It is not a secret that organ transplants save lives. Unfortunately, a patient's body often rejects their new organ, causing them to need another transplant. Researchers at the University of Pittsburgh (Pitt) believe they have identified the cause of organ rejection.
Over 50% of transplant organs are rejected
Organ rejection occurs when the patient's Immune System recognizes the new organ as a threat and initiates an attack against it.
Cancers and other biological toxins have proteins known as antigens on the surface of their cells. All cells have proteins which allow them to be recognized by neighboring cells. When an organ is rejected, the body has recognized its proteins as antigens. This, in turn, causes an immune reaction which leads to rejection of the organ. Organ rejection can lead to fever, nausea, difficulty breathing, and swelling of the organ and surrounding tissues.
In order to avoid rejection, physicians go through an extensive matching process to make sure the donor organ is as similar to the patient's as possible.
Despite best efforts, this is not always enough to guarantee that the organ will not be rejected. In order to further reduce the risk, patients are given a medication that prevents the new organ from activating the immune system. This drug is not 100% effective and has some serious side effects. These drugs weaken the immune system in an attempt to prevent rejection, but this also makes the recipient more susceptible to illnesses. Additionally, they can increase the risk or cancer, heart attacks, and stroke.
Even with these medications, 50% of organs are rejected within a decade of the transplant.

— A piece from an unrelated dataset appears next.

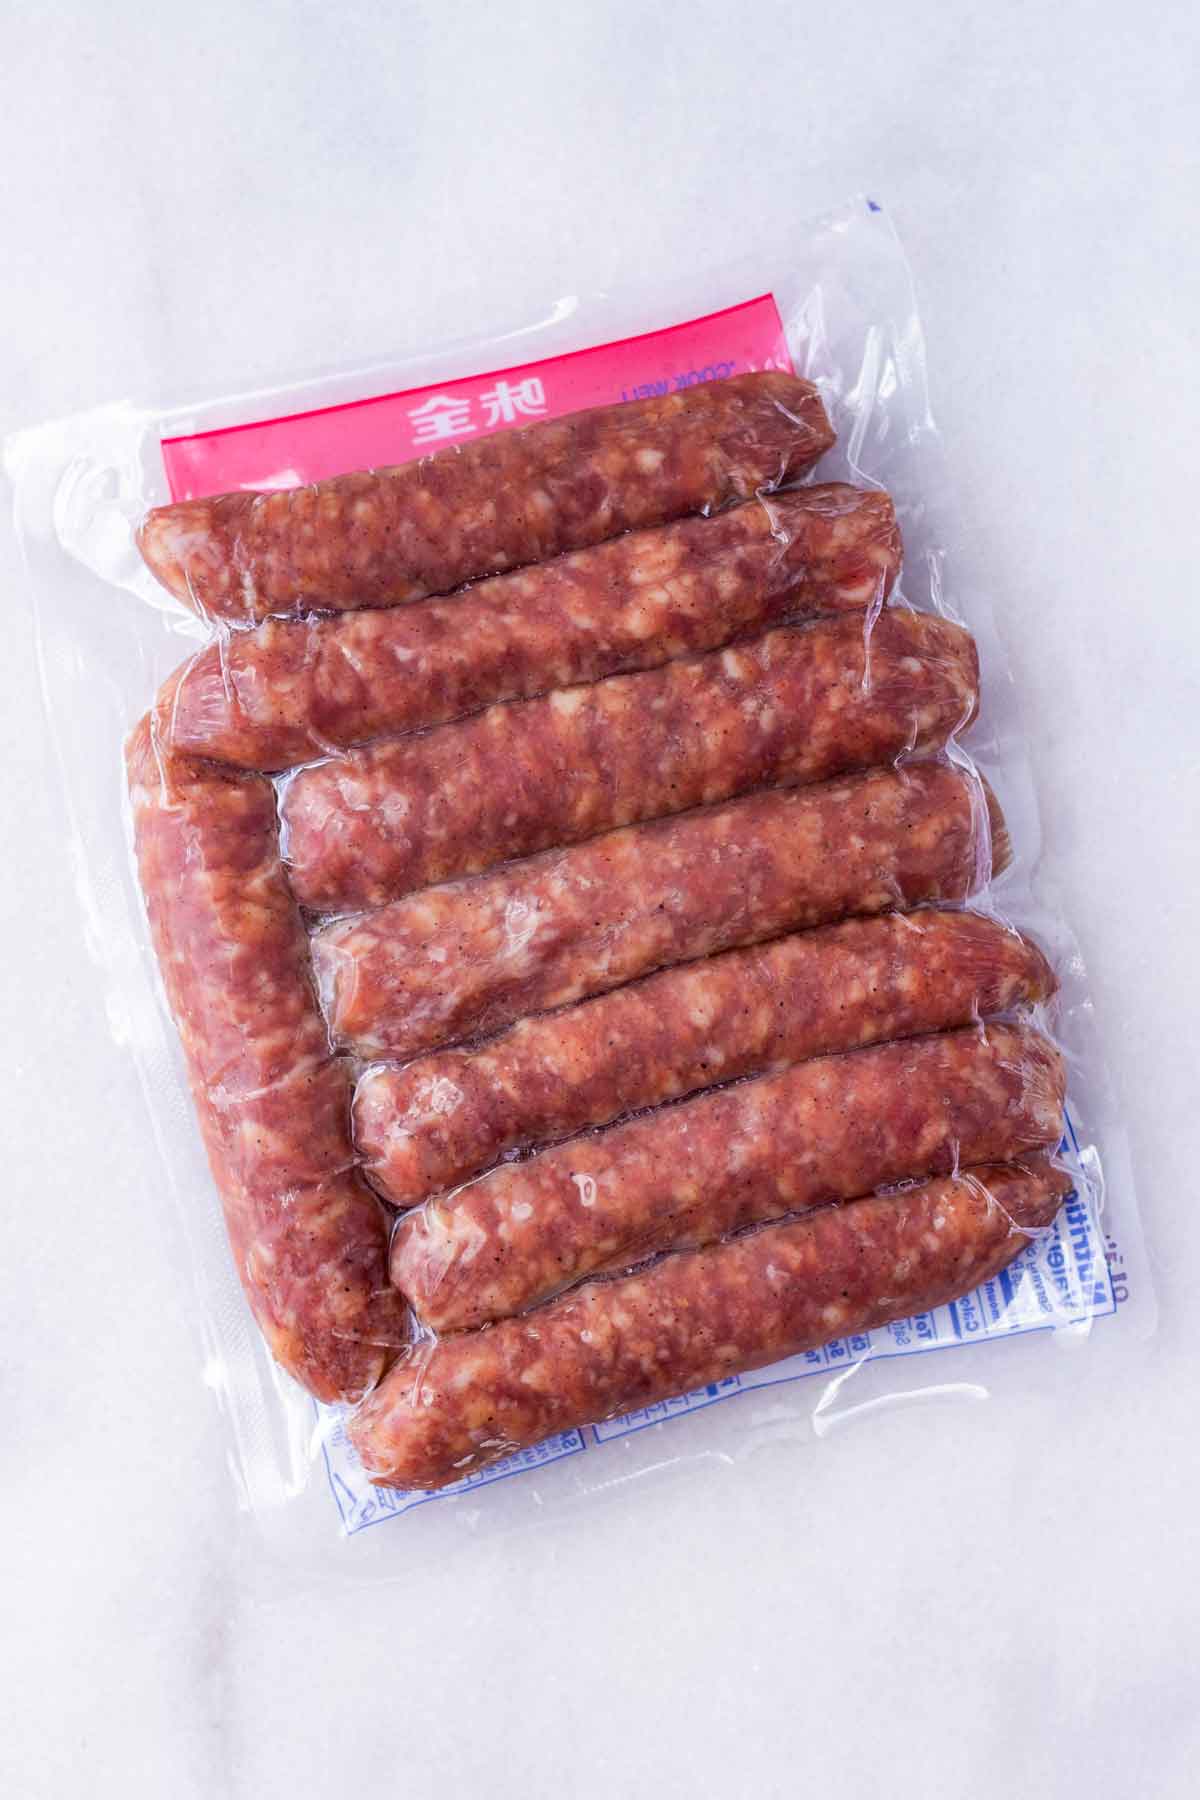 packaged lap cheong or Chinese sweet sausage
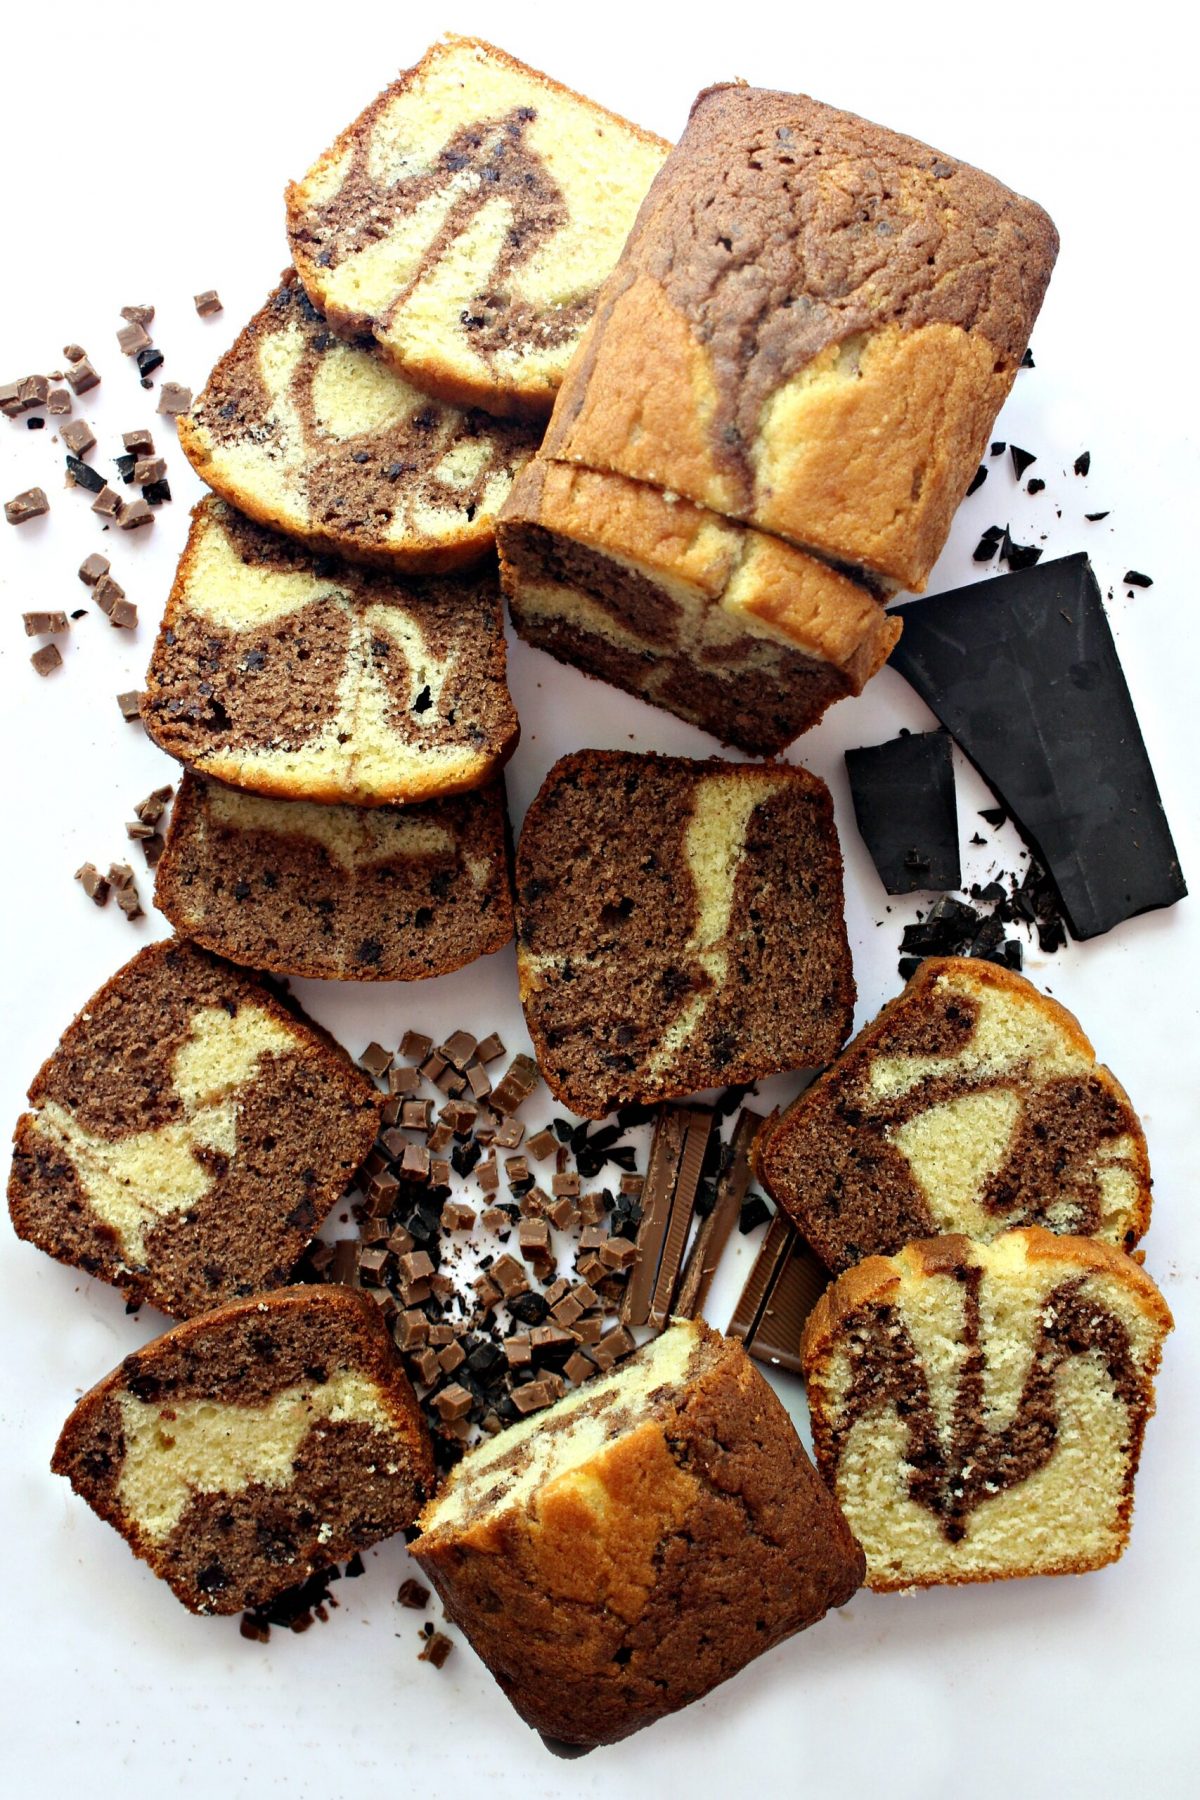 Chocolate Marble Pound cake, with caramel and chocolate swirls, cut into slices.

Pitt scientists build on current knowledge of the immune system to understand organ rejection
Researchers at the Thomas E.
Starzl Transplant Institute at the University of Pittsburgh partnered with scientists at the University of Toronto with the goal of examining the causes of organ rejection. The first step was an investigation into the human immune system. The immune system consists of organs such as the lymph nodes and the spleen that help the body to fight off disease. It can be split up into two major parts: the innate immune system and the adaptive immune system. The innate immune system is not specific to the pathogen. When it is activated, it creates responses that release chemicals into the blood and send out immune cells to fight the infection. The adaptive immune system is specific to the antigen. With an adaptive immune response, the antigen must be identified before creating immune cells that are designed to be able to kill that pathogen.
Previous research already identified the adaptive immune system's role in organ rejection. However, scientists were unsure about what caused the activation of the adaptive immune system in the first place. The adaptive immune system is activated in response to a signal made by the innate immune system. The innate immune system must be initiated in order for the adaptive immune system to be activated. Pitt researchers set out to discover what it is about organ transplants that cause the innate immune system to become activated.
Scientists performed organ transplants on mice and found a protein called SIRP-alpha which binds to the surface of white blood cells. Once this protein attached itself to the white blood cells, the innate immune system became activated.
In response to the activation of the innate immune system, the adaptive immune system was activated, which ultimately caused the organ to be rejected.
It is believed that differences in the SIRP-alpha protein between the original organ and the donor organ cause the immune system to become activated. Proteins vary from person to person. If the donor had a slightly different version of the SIRP-alpha protein then the recipient, the immune system would likely recognize it as a foreign invader and thus attack.
Fadi Lakkis, the scientific director of the Thomas E. Starzl Transportation Institute, says the next step for his team is to conduct a full genetic sequence of the SIRP-alpha protein in a variety of donors and recipients.
They will be looking to see if variations in this protein are linked to a higher rate of organ rejection. If scientists are able to prove that better SIRP-alpha matches lead to fewer organ rejections, it could completely change the way organ transplants are handled. People would be able to receive organs that were better matches, and as a result would be able to take smaller doses of the anti-rejection medications.